In India, social inequality is a reality, particularly in rural areas where caste plays a significant role in establishing one’s social standing. Using caste identification to practise untouchability was criminalised at the start of modern India, but it has yet to be totally eradicated.
(a) Conflict resolution strategy
Setting a good example
As a sarpanch, my first step would be to provide a good example for people to follow. I would send children from my family and similar-minded acquaintances to the school and eat food prepared by the new cook. If the sarpanch is willing to go the extra mile to set an example, others will be willing to accept change as well. It is more important than everything else to change people’s perceptions.
Gathering of the community
Gatherings, where people socialise with each other without regard for caste or religion, might be held to improve relations between all the communities in the village. This will lead to a more positive perception of equality in the future.

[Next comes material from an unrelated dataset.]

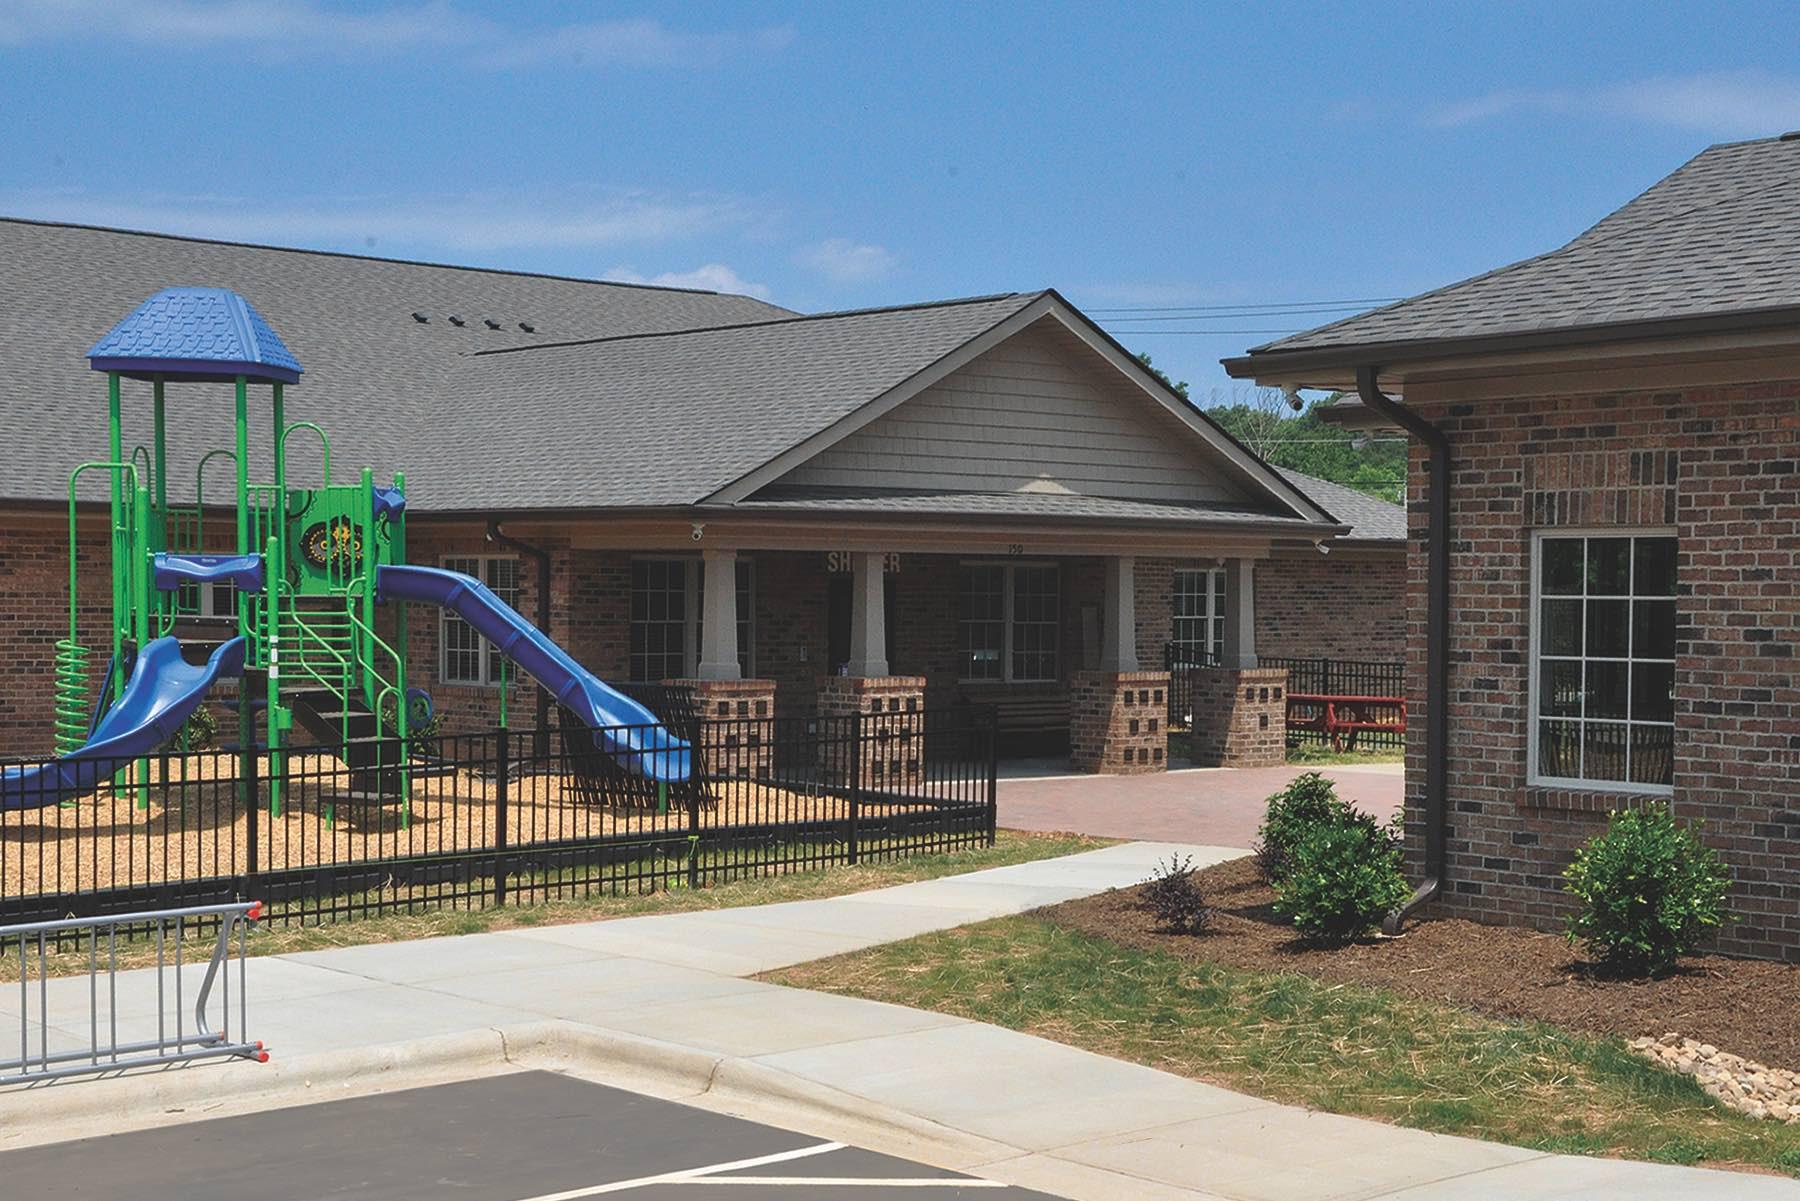 Union County Community Shelter

If all else fails to work, this must be the last resort. This may cause friction among communities, but given the need of proving the seriousness of equality, it must be carried out.
(b) Responsibilities of different social segments and agencies
The family plays the most important role in fixing this type of problem. If children are taught human equality in the home, they will undoubtedly be progressive and will avoid evils such as casteism.
As Sarpanch, it is my responsibility to inform all Gram Sabha members about the evils of casteism and untouchability.
Similarly, administrative agencies can play a significant role in resolving this type of issue. People should be made aware of such issues by administrative institutions, and those who violate the law should face consequences.
As a result, if various social sections and administrative agencies carry out their responsibilities honestly, a positive and socially pleasant environment can undoubtedly be created.